There is fear that the increasing presence of so many dubious groups, particularly Jihadists, many funded by Islamist organizations or fundamentalist-inclined Arab governments, introduces even greater uncertainty over where Syria will be heading. This is especially so once there no longer is any single powerful force in place to keep the lid on the totally unpredictable and dangerous developments that may be unleashed.

It also must be borne in mind that even though Bashar al-Assad’s father terrorized the Muslim Brotherhood into submission when he systematically destroyed its stronghold in the city of Hama in 1982, reportedly killing nearly 30,000, the fundamentalist-minded Brotherhood remains a force to be reckoned with in Syria and many of its members will want revenge on their oppressors.

It’s precisely because of understandable concerns over Syria’s deeply divided society that many have called for some form of outside intervention in Syria, whether by the United Nations, NATO or others to contain an even greater conflagration within Syria and beyond its borders.

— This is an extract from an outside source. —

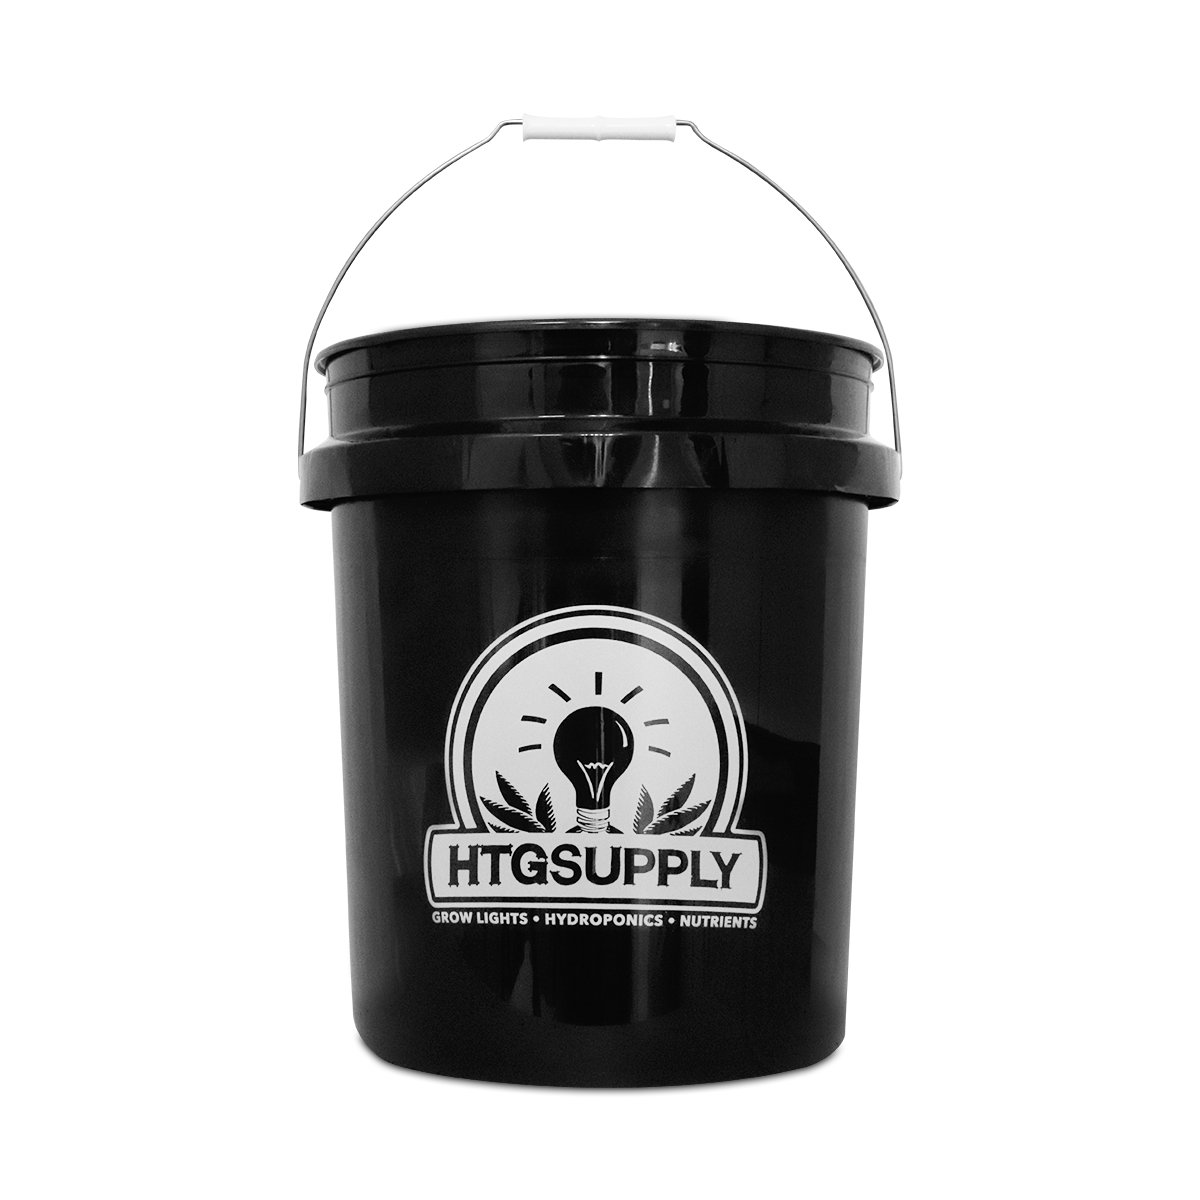 5 Gallon Bucket, Black - RASA Garden Supply Company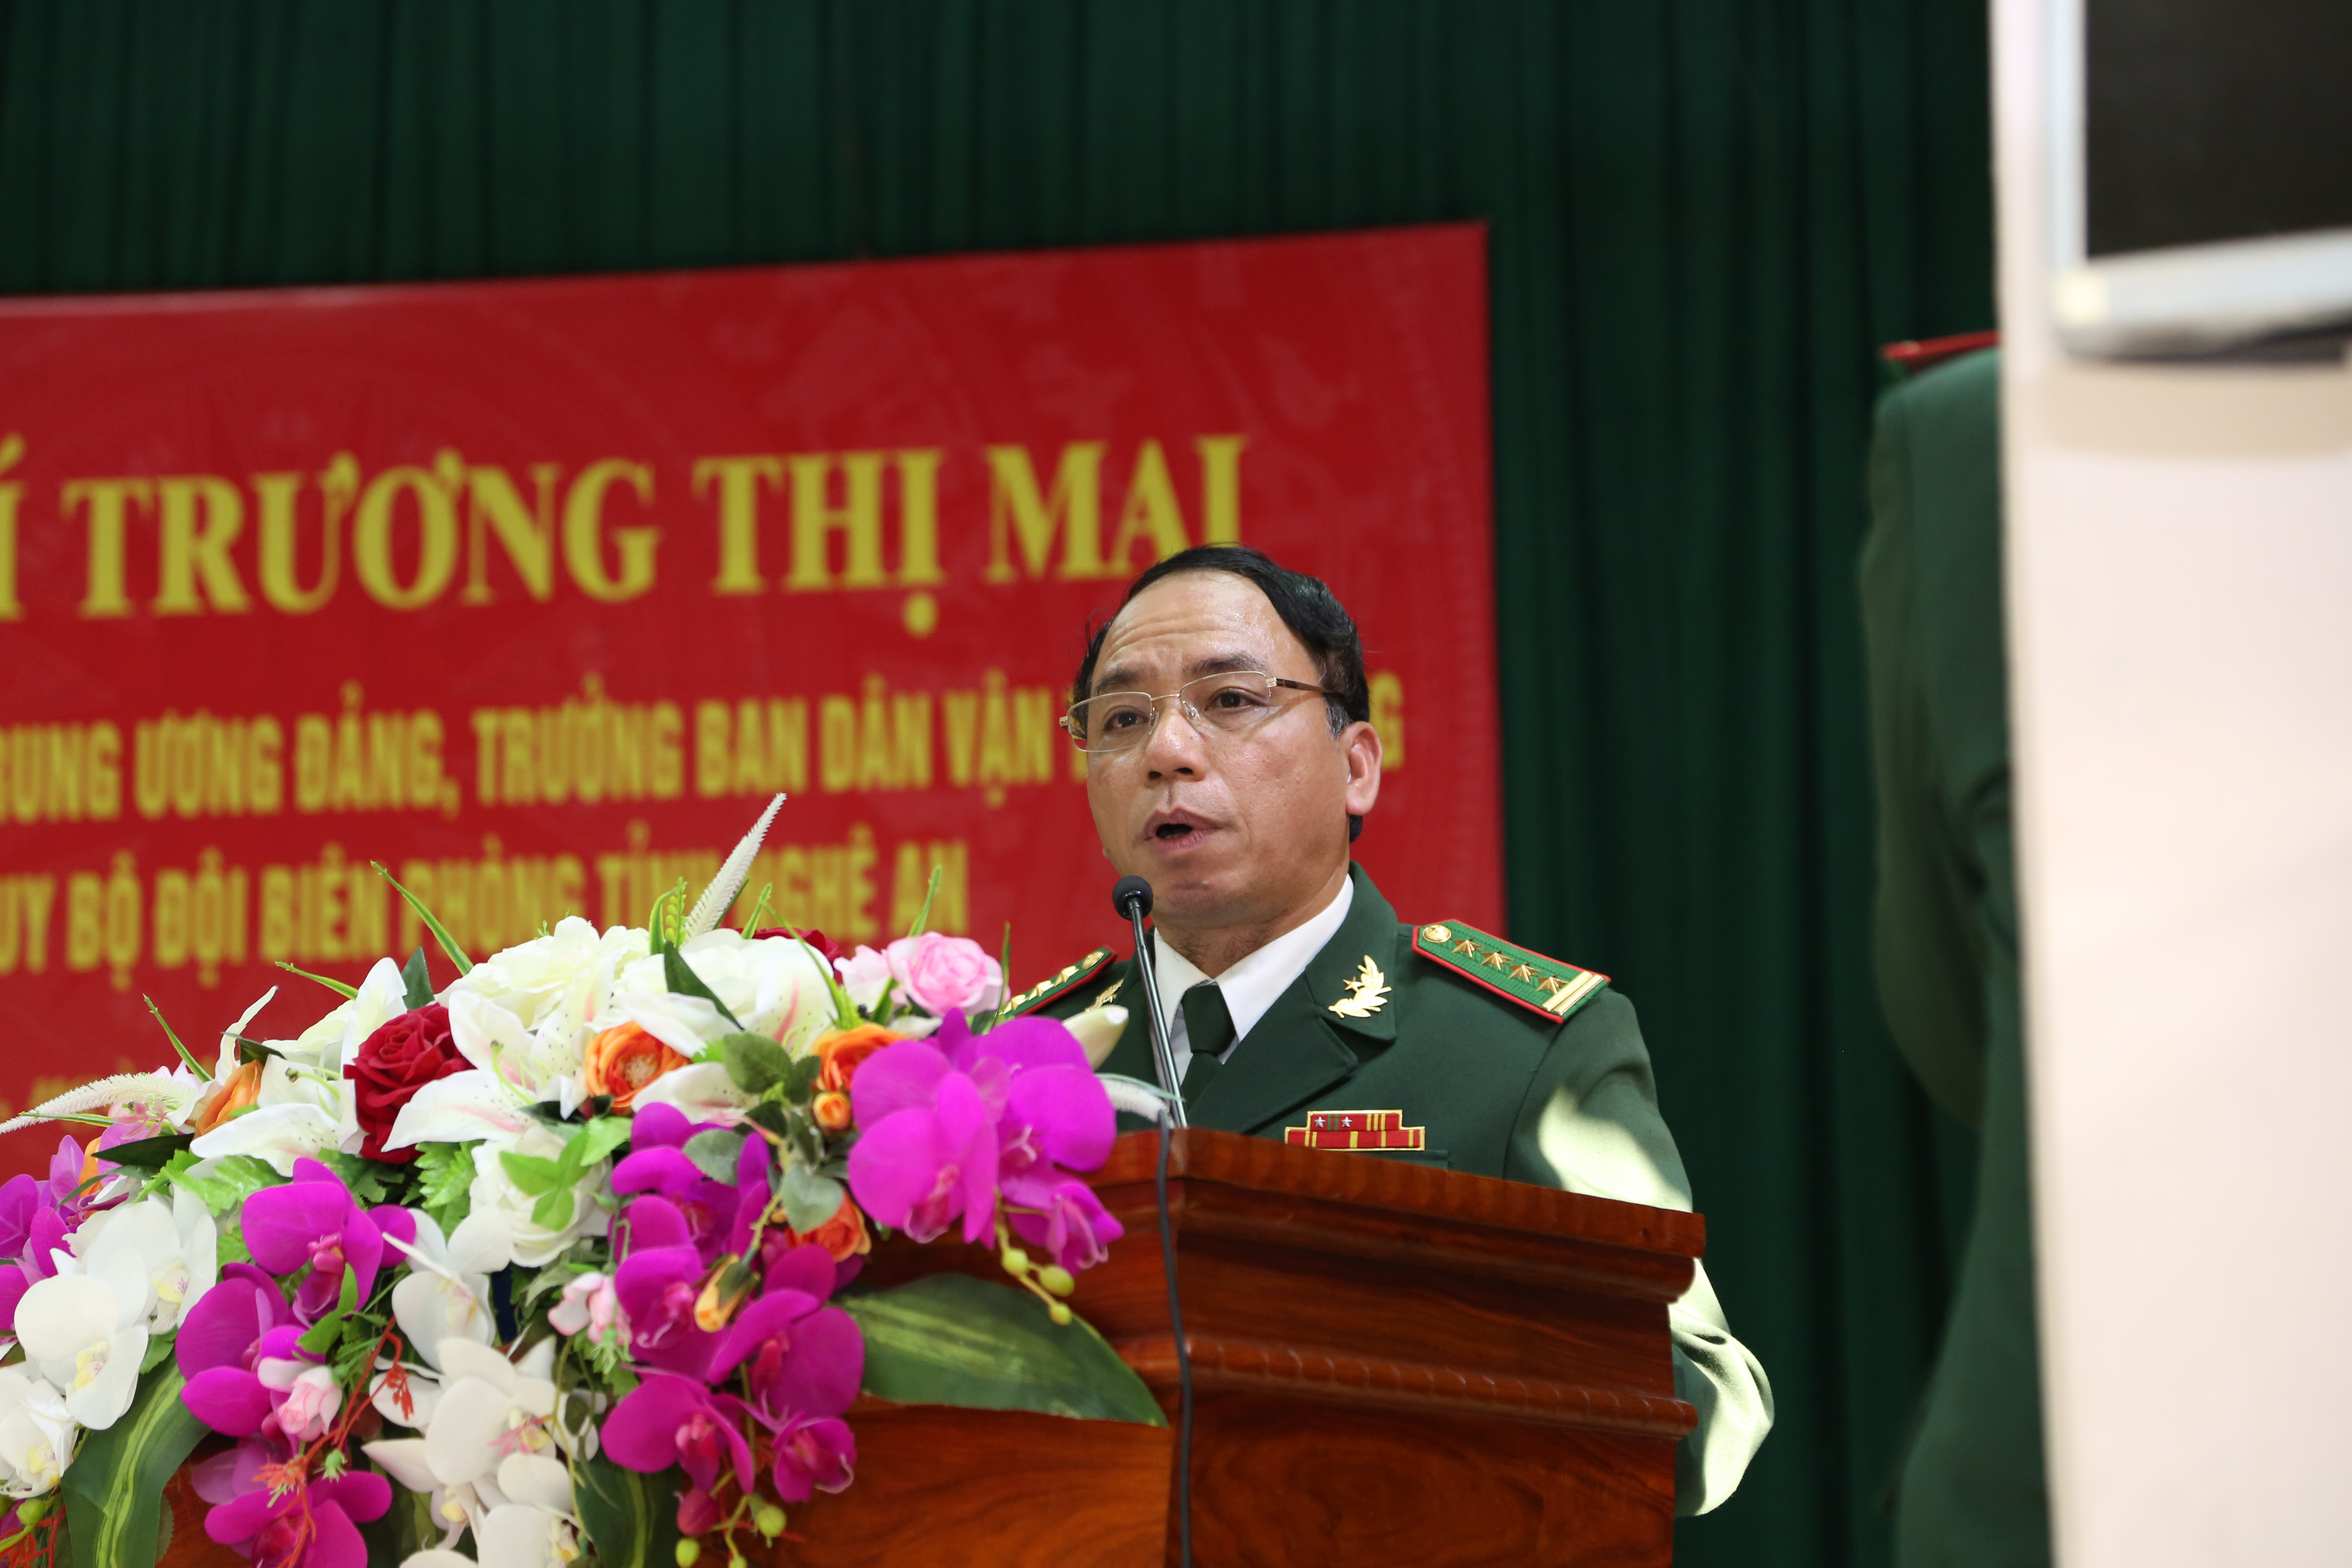 Đại tá Lê Hải Bình - Chỉ huy trưởng Bộ Chỉ huy BĐBP tỉnh Nghệ An báo cáo với đoàn công tác. Ảnh: Đào Tuấn

In such an unstable and unpredictable environment, the future of groups such as Syria’s Kurds is far from clear. Nor is the future of present-day Syria itself. As one Jihadist extremist bluntly expressed it, Jihadists are not fighting in Syria for democracy or simply the removal of Bashar al-Assad. They are fighting for the imposition of Sharia Law and the establishment of an Islamic Caliphate, in which democracy and elections are alien concepts.

 

Harry Sterling, a former diplomat, is an Ottawa-based commentator. He served in Turkey and writes regularly on Middle East issues.